General information
- Type: Paramotor
- National origin: Italy
- Manufacturer: Fly Castelluccio
- Status: Production completed

History
- First flight: 2000s

= Fly Castelluccio Flash =

Italian paramotor

The Fly Castelluccio Flash is a family of Italian paramotors that was designed and produced by Fly Castelluccio of Ascoli Piceno for powered paragliding. Now out of production, when it was available the aircraft were supplied complete and ready-to-fly.

==Design and development==
The Flash was designed to comply with the US FAR 103 Ultralight Vehicles rules as well as European regulations. It features a paraglider-style wing, single-place accommodation and a single engine in pusher configuration powering a two-bladed wooden propeller. The fuel tank capacity is 10 L.
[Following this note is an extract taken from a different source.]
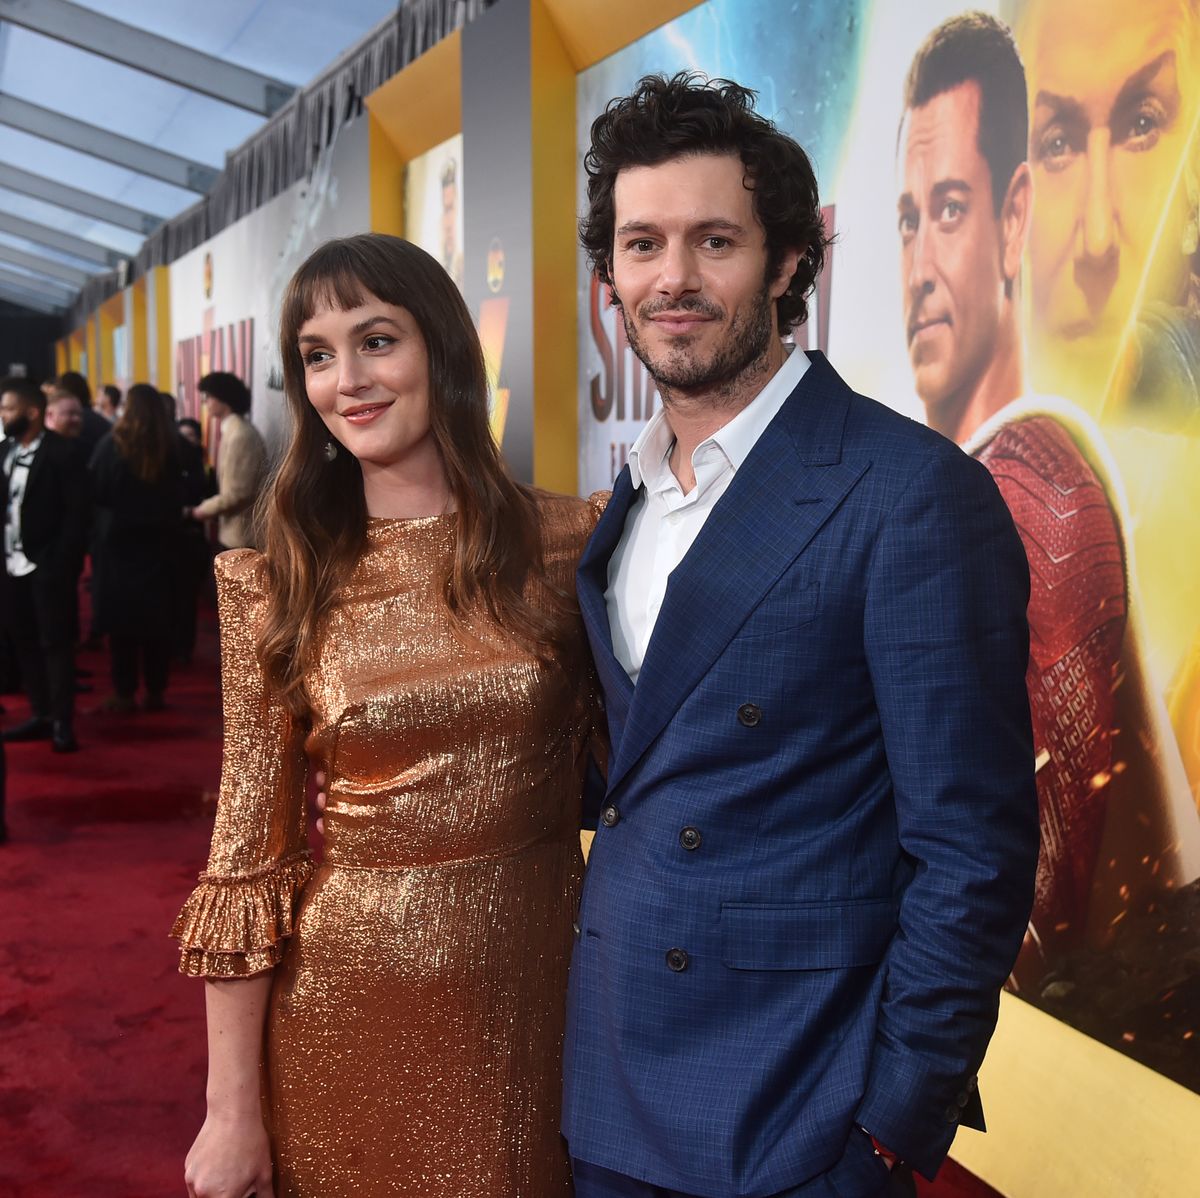 los angeles, california march 14 leighton meester and adam brody attend the premiere of warner bros shazam fury of the gods at regency village theatre on march 14, 2023 in los angeles, california photo by alberto rodriguezgathe hollywood reporter via getty images

As is the case with all paramotors, take-off and landing is accomplished by foot. Inflight steering is accomplished via handles that actuate the canopy brakes, creating roll and yaw.

==Variants==
- Flash Top 80
Model with a 14.8 hp Per Il Volo Top 80 engine in pusher configuration with a reverse-turning gear box reduction drive and a 125 cm diameter two-bladed wooden propeller.
- Flash Sky 100
Model with a Sky 100 engine in pusher configuration with a reduction drive and a 122 cm diameter two-bladed wooden propeller.
- Flash Snap 100
Model with a Snap 100 engine in pusher configuration with a reduction drive and a 125 cm diameter two-bladed wooden propeller.